Project details
ENU Team Leader: GUIDO CAVALETTI
Poject coordinator:GUIDO CAVALETTI
In collaboration with: Università degli Studi di TORINO,: VERCELLI Alessandro
Total Contribution: 205.024,00 €
Project Duration in months: 24
Start Date: October 18, 2023
End Date: February 2026
Abstract
Cancer patients’ life expectancy is substantially increased, which translates into millions of persons with a history of cancer and long-term side effects of chemotherapy to be managed. Most of the commonest chemotherapy-induced toxicities are now effectively treated, while the impact of side effects involving the central (CNS) and/or the peripheral nervous system (PNS) is still relevant in the treatment of the tumor “big killers” because of the severe, long-term/permanent consequences on patients’ quality of life. Moreover, these side effects not only add more burden of disease to already severely challenged persons but also have still largely underestimated social and economic costs (e.g. loss of working capacity, impaired social activities, increased healthcare social and security costs).
CNS neurotoxicity, defined as chemotherapy-induced cognitive impairment (CICI) is frequent in breast, lung, prostate, and ovarian cancers patients, impairing memory, learning, concentration, reasoning, executive functions, attention, and visuospatial skills during and after discontinuation of chemotherapy. Chemotherapy-induced PNS toxicity (CIPN), leading to pain, paresthesias, and motor impairment, ranks among the commonest dose-limiting toxicities of several widely used anticancer drugs. A great number of cancer survivors suffer from CIPN even years after termination of the therapy and perceive it as one of the most severe side effects of treatment.
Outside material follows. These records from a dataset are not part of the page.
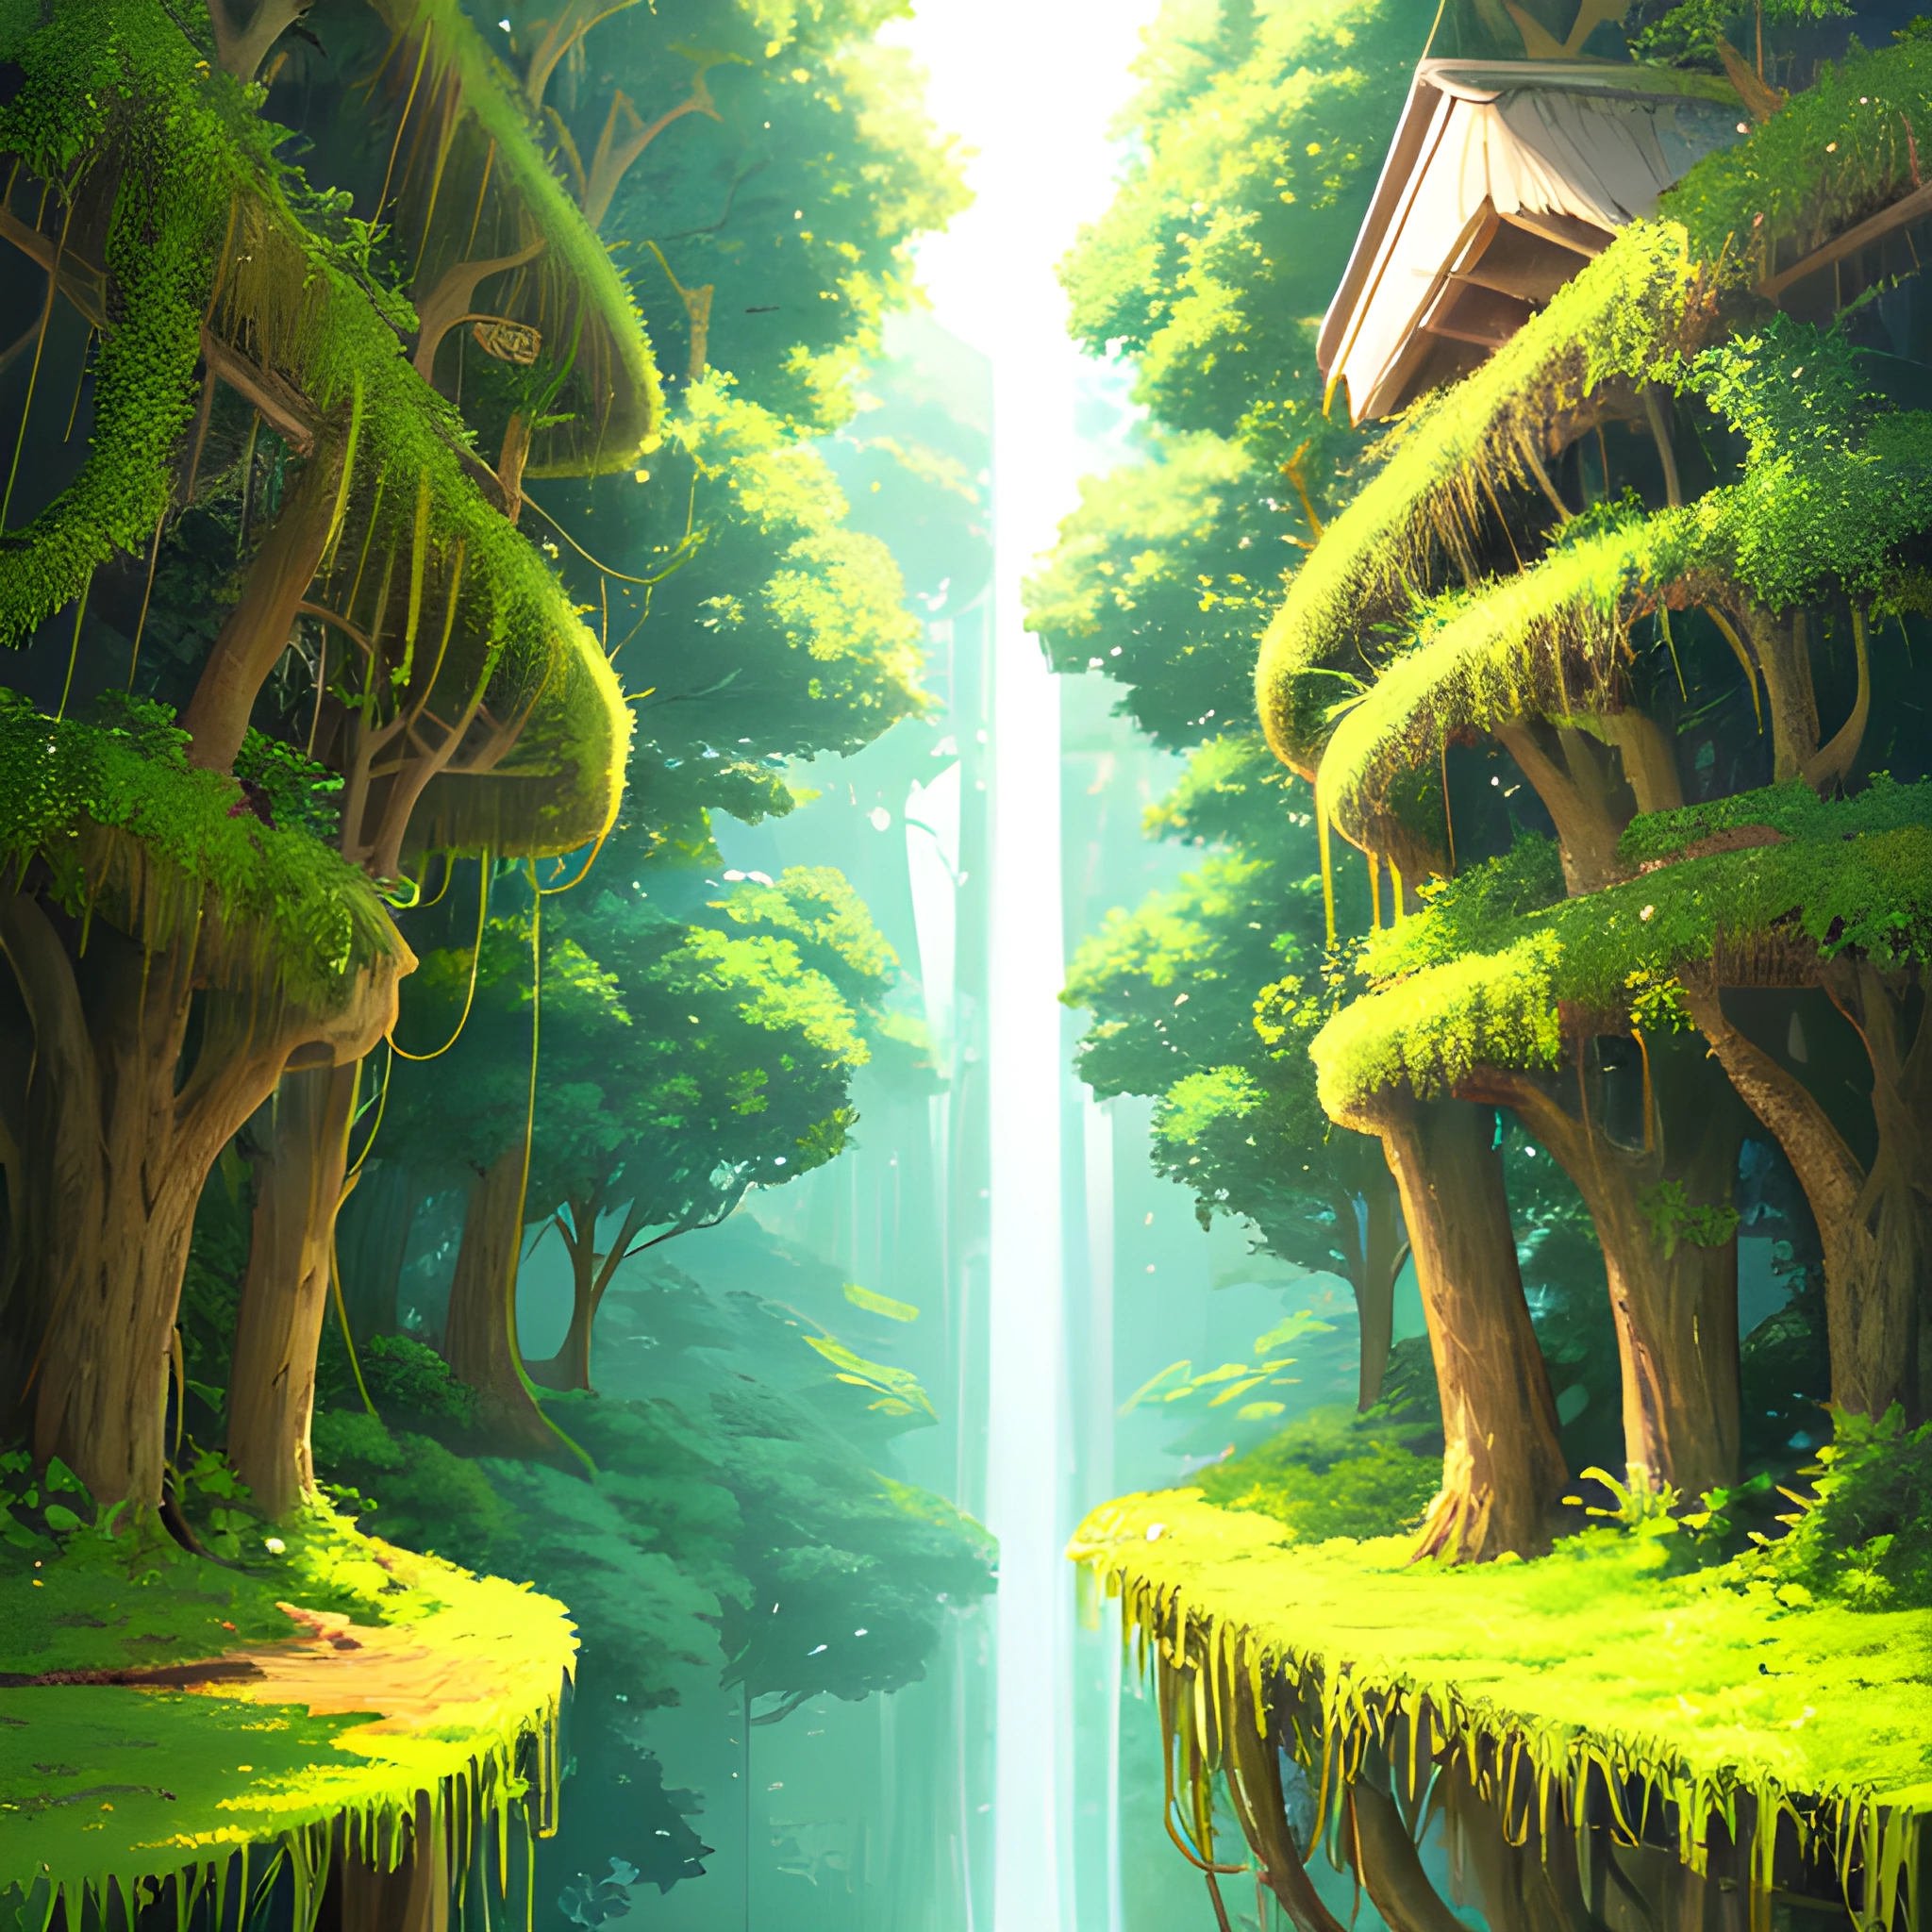 anime scenery of a waterfall and a house in a forest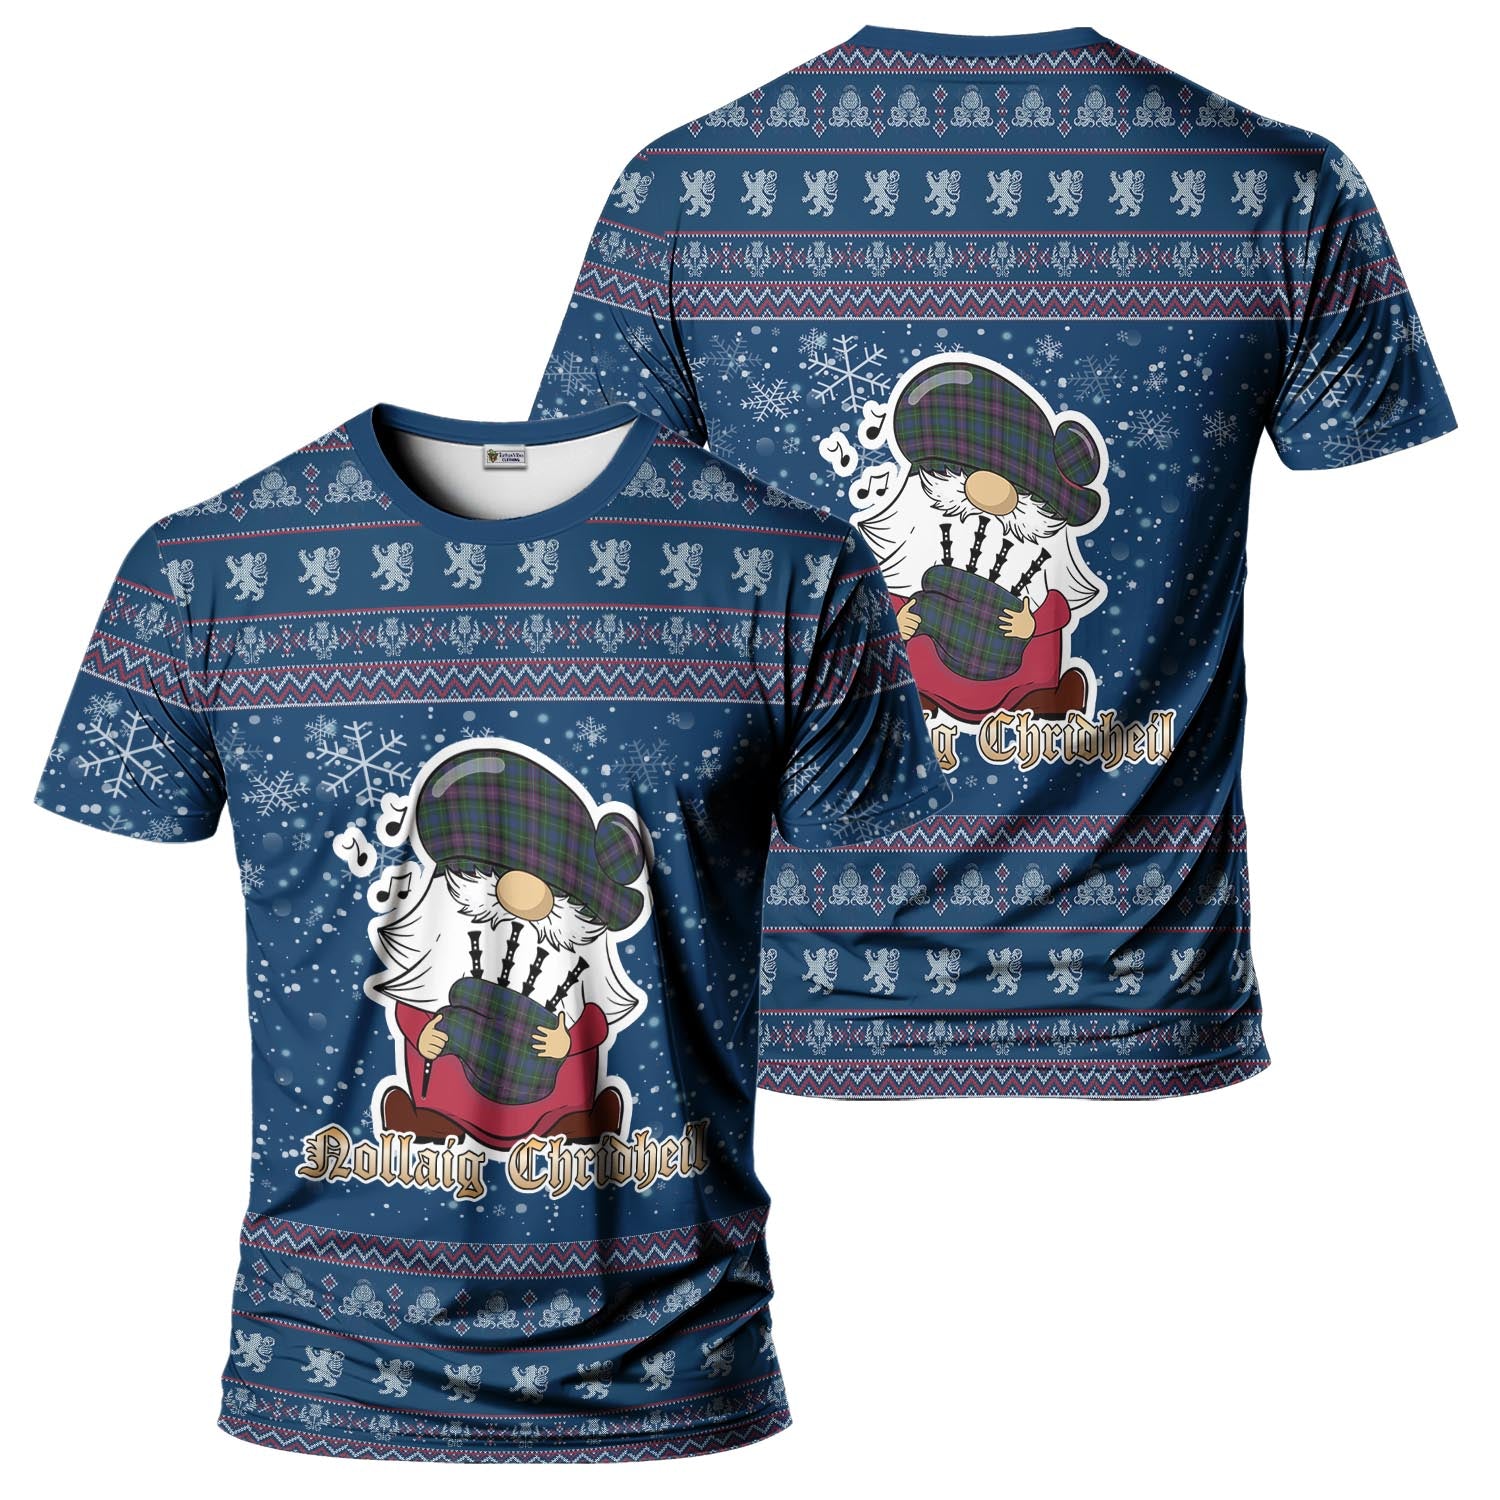 Rankin Clan Christmas Family T-Shirt with Funny Gnome Playing Bagpipes Kid's Shirt Blue - Tartanvibesclothing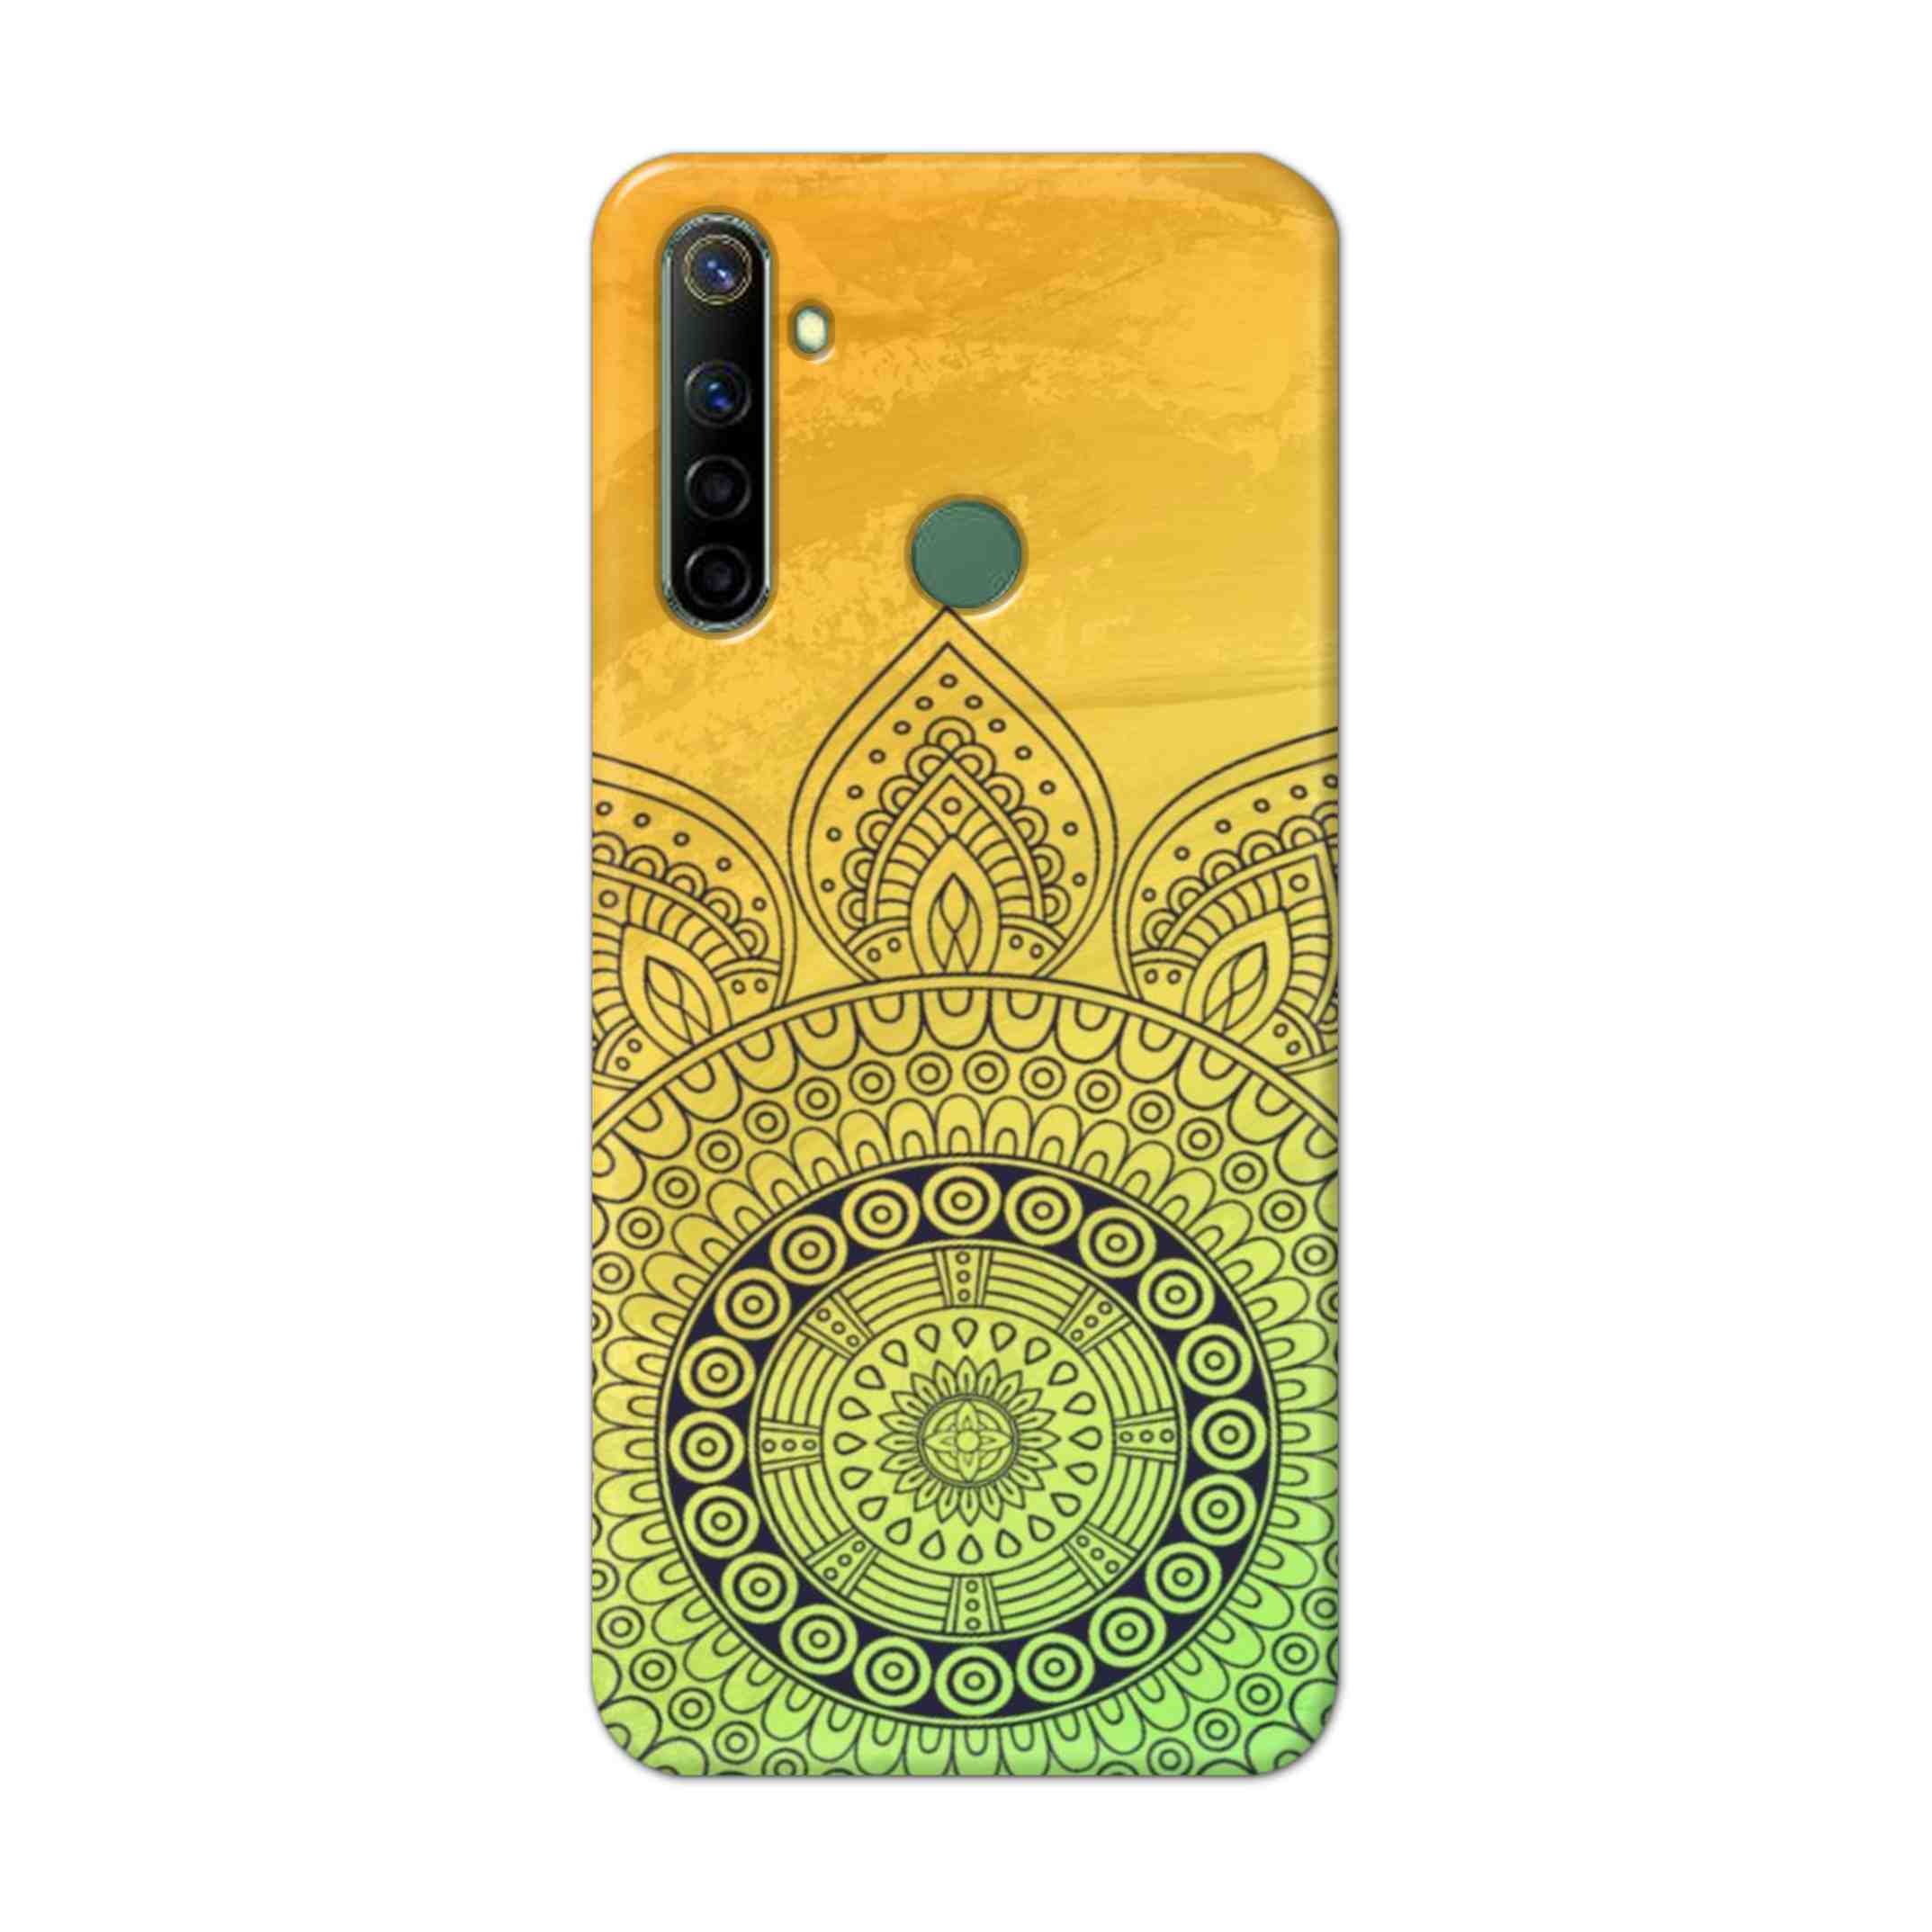 Buy Yellow Rangoli Hard Back Mobile Phone Case Cover For Realme Narzo 10a Online

Despite the evident and urgent need to reduce the toxic effects of chemotherapy on the nervous system led to a great number of studies, the cellular and molecular events underlying CICI and CIPN pathogenesis still remain elusive.
Histone deacetylase inhibitors (HDACi) have been tested in several experimental models of CNS disorders, such as stroke and Alzheimer’s disease, and it has been demonstrated that they can remarkably improve neuronal plasticity and memory. The key target for HDACi in neuroprotection is HDAC6. Experimental use of HDAC6 inhibitors (HDAC6i) 260-has proven to be effective in animal models of CICI and CIPN, but the models used to demonstrate efficacy are questionable. This project is based on 4 main pillars:
- CICI and CIPN can be reliably modeled in new preclinical models based on schedules that are more close to the clinical use (i.e. repeated, intermittent iv administration)
- CICI and CIPN may have detectable morphological and functional correlates
- CICI and CIPN can be simultaneously modulated by the administration of HDAC6i
- Mitochondrial dysfunction and neuroinflammation may play a role in the neurotoxicity of anticancer drugs.
The completion of the project will overcome several current limitations in knowledge and in modeling that are still preventing effective investigation of CIPN and CICI pathogenesis and, potentially, the identification of new druggable targets.